You can type \l (that's a backslash and a lowercase L) to see a list of all the databases that are loaded by default:

Figure 0.16: List of databases on Linux

Figure 0.16: List of databases on Linux

Note

We've covered how to install PostgreSQL on Ubuntu and Debian-based systems here. For instructions to install it on other distributions, please refer to your distribution's documentation. The PostgreSQL download page for Linux can be found at: https://www.postgresql.org/download/linux/.

Installation on MacOS

This section will help you install PostgreSQL on MacOS. Before you start installing the software, make sure you have the Homebrew package manager installed on your system. If you don't, head over to https://brew.sh/ and paste the script provided on the webpage in a MacOS Terminal (the Terminal app) and press the return key. Follow the prompts that appear and wait for the script to finish installation.

Note

The following instructions are written based on MacOS Catalina version 10.15.6, which was the latest version at the time of writing. For more help on using Terminal, refer to the following link: https://support.apple.com/en-in/guide/terminal/apd5265185d-f365-44cb-8b09-71a064a42125/mac.

Figure 0.17: Installing Homebrew

Figure 0.17: Installing Homebrew

Once Homebrew is installed, follow these steps to install PostgreSQL:

  1. Open a new Terminal window. Type in the following three commands in succession followed by the return key to install the PostgreSQL package:
    brew doctor 
    brew update
    brew install postgres

    Wait for the installation to complete. Depending on your local setup and connection speed, you will see messages similar to those shown below (note that only the partial installation log is shown here):

    Figure 0.18: Installation Progress (partially shown) – PostgreSQL

    Figure 0.18: Installation Progress (partially shown) – PostgreSQL

  2. Once the installation completes, start the PostgreSQL process by typing the following command in Terminal and pressing the return key:
    pg_ctl -D /usr/local/var/postgres start

    You should see an output similar to the following:

    Figure 0.19: Starting the PostgreSQL process

    Figure 0.19: Starting the PostgreSQL process

  3. Once the process is started, login to the PostgreSQL shell using the default superuser called postgres as follows (press the return key to execute the command):
    psql postgres
  4. You can type \l (that's a backslash and a lowercase L) followed by the return key to see a list of all the databases that are loaded by default:
    Figure 0.20: List of databases loaded by default

Figure 0.20: List of databases loaded by default

Enter \q and then press the return key to quit the PostgreSQL shell.

Note

pgAdmin will get installed automatically along with PostgreSQL 12.

Installing Python

Installing Python on Windows:

  1. Find your desired version of Python on the official installation page at https://www.anaconda.com/distribution/#windows.
  2. Ensure that you select Python 3.7 from the download page.
  3. Ensure that you install the correct architecture for your computer system—that is, either 32-bit or 64-bit. You can find out this information in the System Properties window of your OS.
  4. After you download the installer, simply double-click on the file and follow the user-friendly prompts on-screen.

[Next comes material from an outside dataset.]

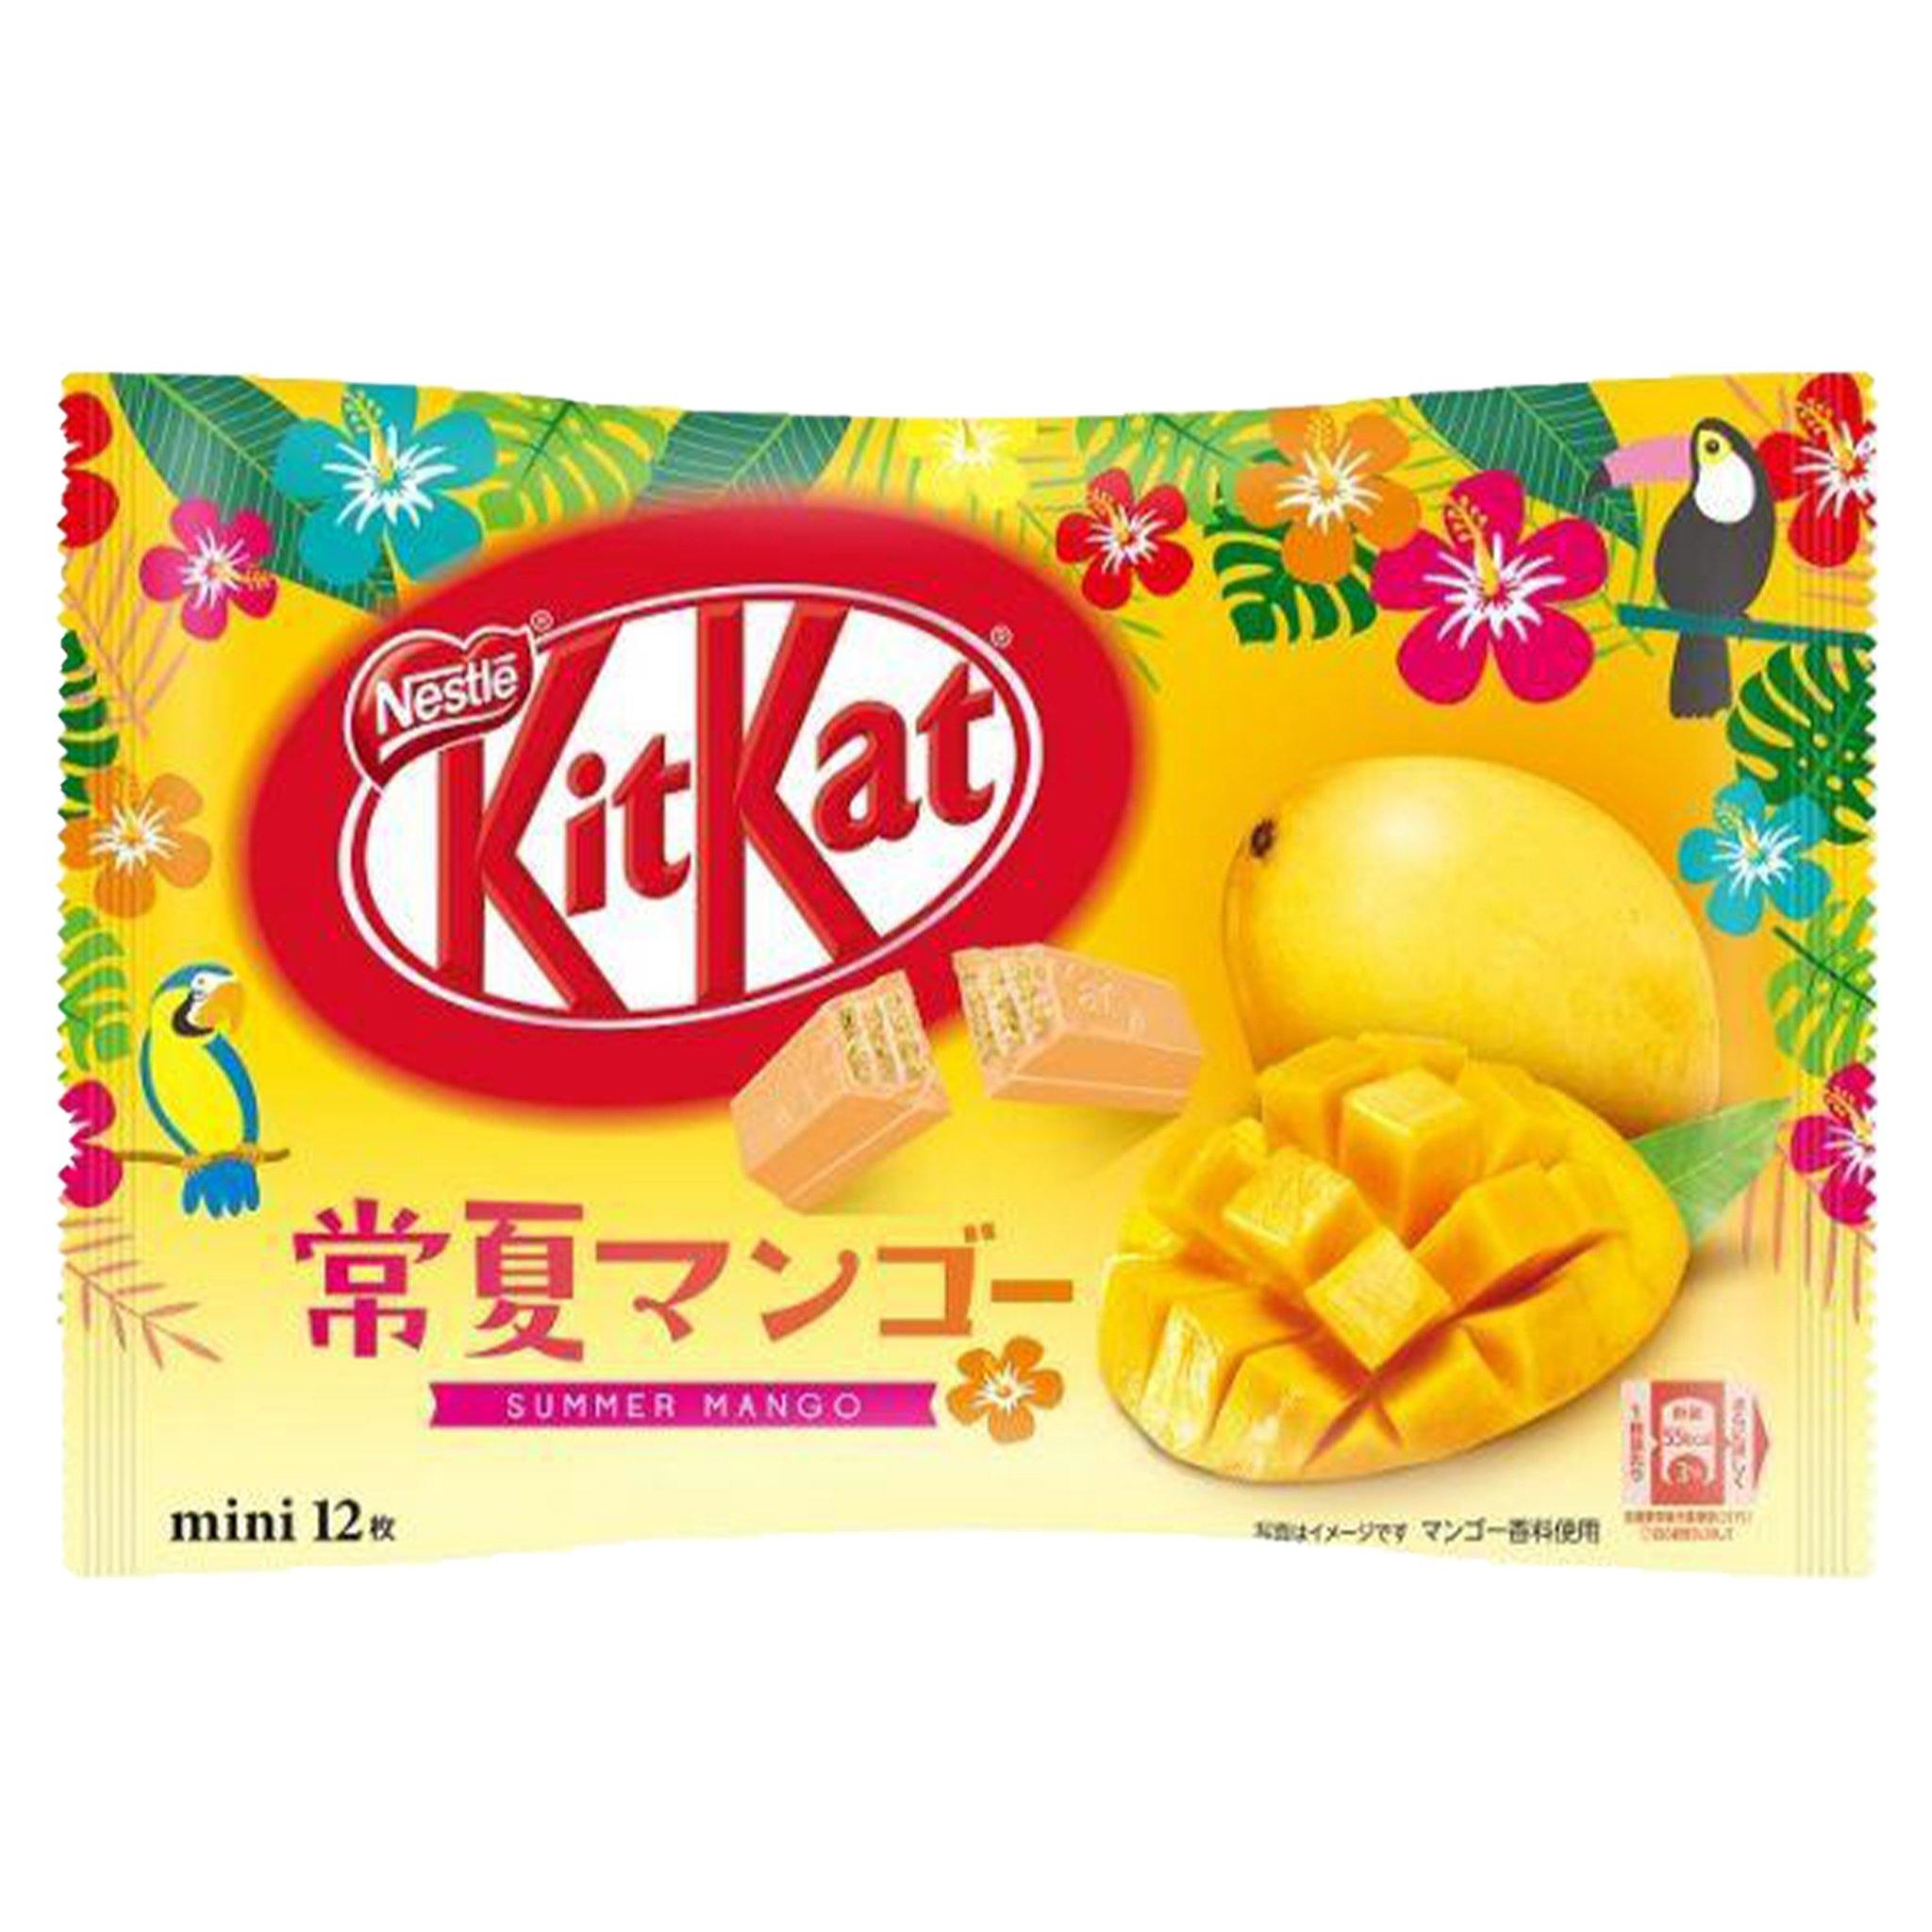 Kit Kat Mango - Japan - Sweet Exotics

Installing Python on Linux:

To install Python on Linux, you have a couple of good options:

  1. Open Command Prompt and verify that p\Python 3 is not already installed by running python3 --version.
  2. To install Python 3, run this:
    sudo apt-get update
    sudo apt-get install python3.7
  3. If you encounter problems, there are numerous sources online that can help you troubleshoot the issue.
  4. You can also install Python by downloading the Anaconda Linux installer from https://www.anaconda.com/distribution/#linux and following the instructions.

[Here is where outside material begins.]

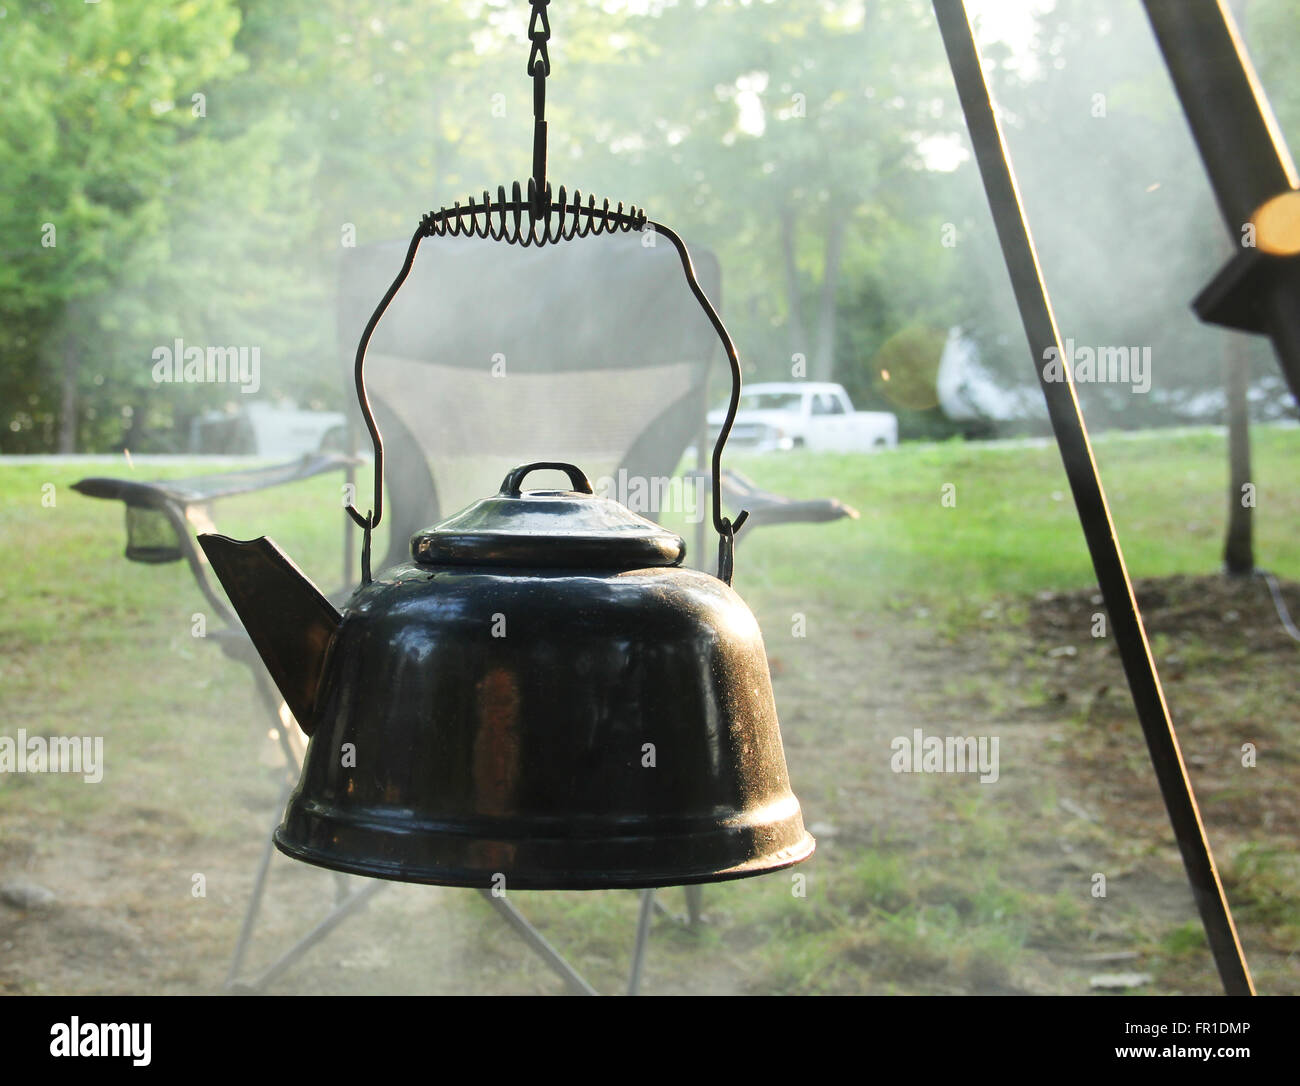 https://c8.alamy.com/comp/FR1DMP/teapot-heating-water-over-a-smoke-filled-campfire-FR1DMP.jpg

Installing Python on macOS:

Similar to Linux, you have a couple of methods for installing Python on a Mac. To install Python on macOS, do the following:

  1. Open the Terminal for Mac by pressing CMD + Spacebar, type terminal in the open search box, and hit Enter.
  2. Install Xcode through the command line by running xcode-select --install.
  3. The easiest way to install Python 3 is using Homebrew, which is installed through the command line by running ruby -e "$(curl -fsSL https://raw.githubusercontent.com/Homebrew/install/master/install)".
  4. Add Homebrew to your $PATH environment variable. Open your profile in the command line by running sudo nano ~/.profile and inserting export PATH="/usr/local/opt/python/libexec/bin:$PATH" at the bottom.
  5. The final step is to install Python. In the command line, run brew install python.
  6. Again, you can also install Python via the Anaconda installer available from https://www.anaconda.com/distribution/#macos.

Installing Git

Installing Git on Windows or macOS X:

Git for Windows/Mac can be downloaded and installed via https://git-scm.com/. However, for improved user experience, it is recommended that you install Git through an advanced client such as GitKraken (https://www.gitkraken.com/).

Installing Git on Linux:

Git can be easily installed via the command line:

sudo apt-get install git

If you prefer a graphical user interface, GitKraken (https://www.gitkraken.com/) is also available for Linux.

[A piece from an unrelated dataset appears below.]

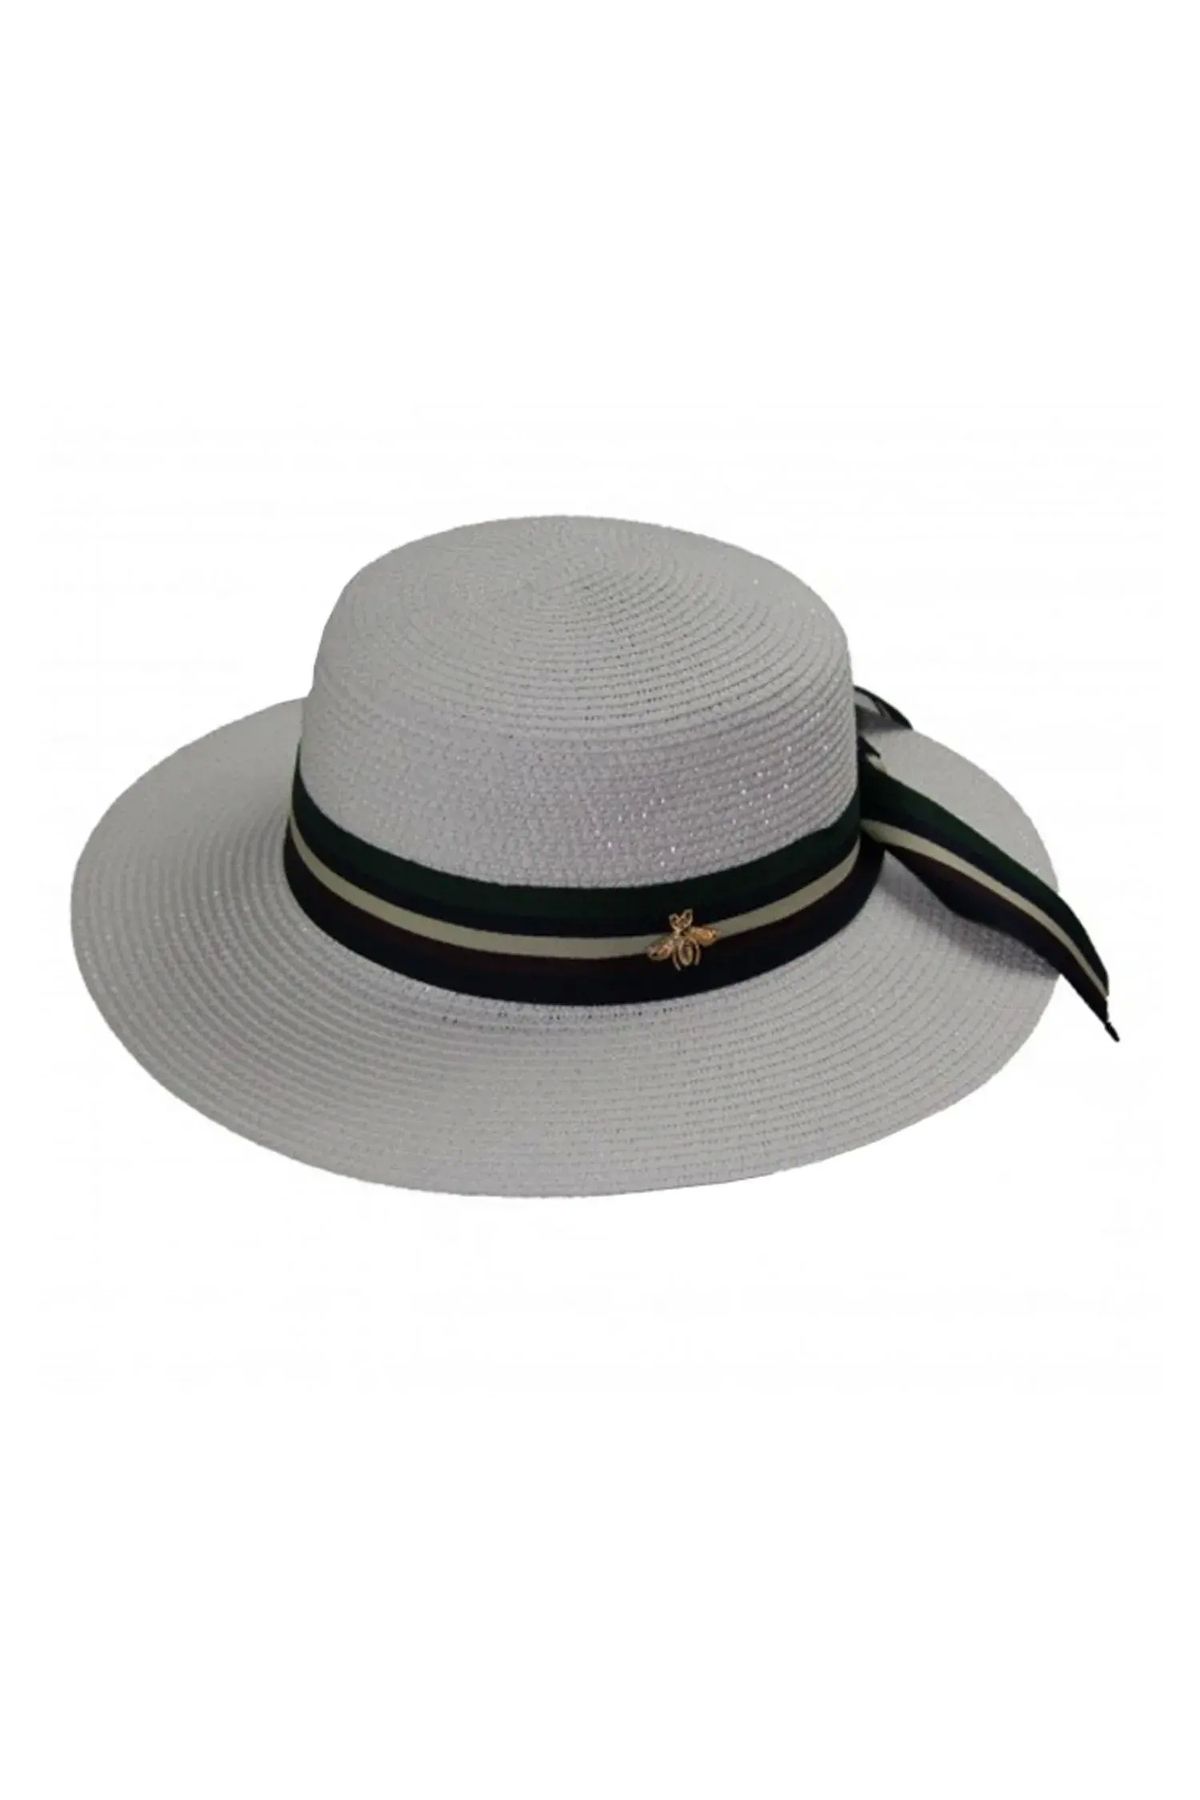 Bay Şapkacı Kadın Şeritli Hasır Şapka 3853

Loading the Sample Datasets - Windows

Most exercises in this course use a sample database, sqlda, which contains fabricated data for a fictional electric vehicle company called ZoomZoom. Let's set it up by performing the following steps:

  1. First, let's create a database titled sqlda. Open the command line and type or paste the following command. Then, press the return key to execute it.
    createdb -U postgres sqlda

You will be prompted to enter the password that you set for the postgres superuser during installation.

Figure 0.21: PostgreSQL shell password request

Figure 0.21: PostgreSQL shell password request

To check if the database has been successfully created, login to the shell by typing or pasting the following command and pressing the return key:

psql -U postgres

Enter your password when prompted. Press the return key to proceed.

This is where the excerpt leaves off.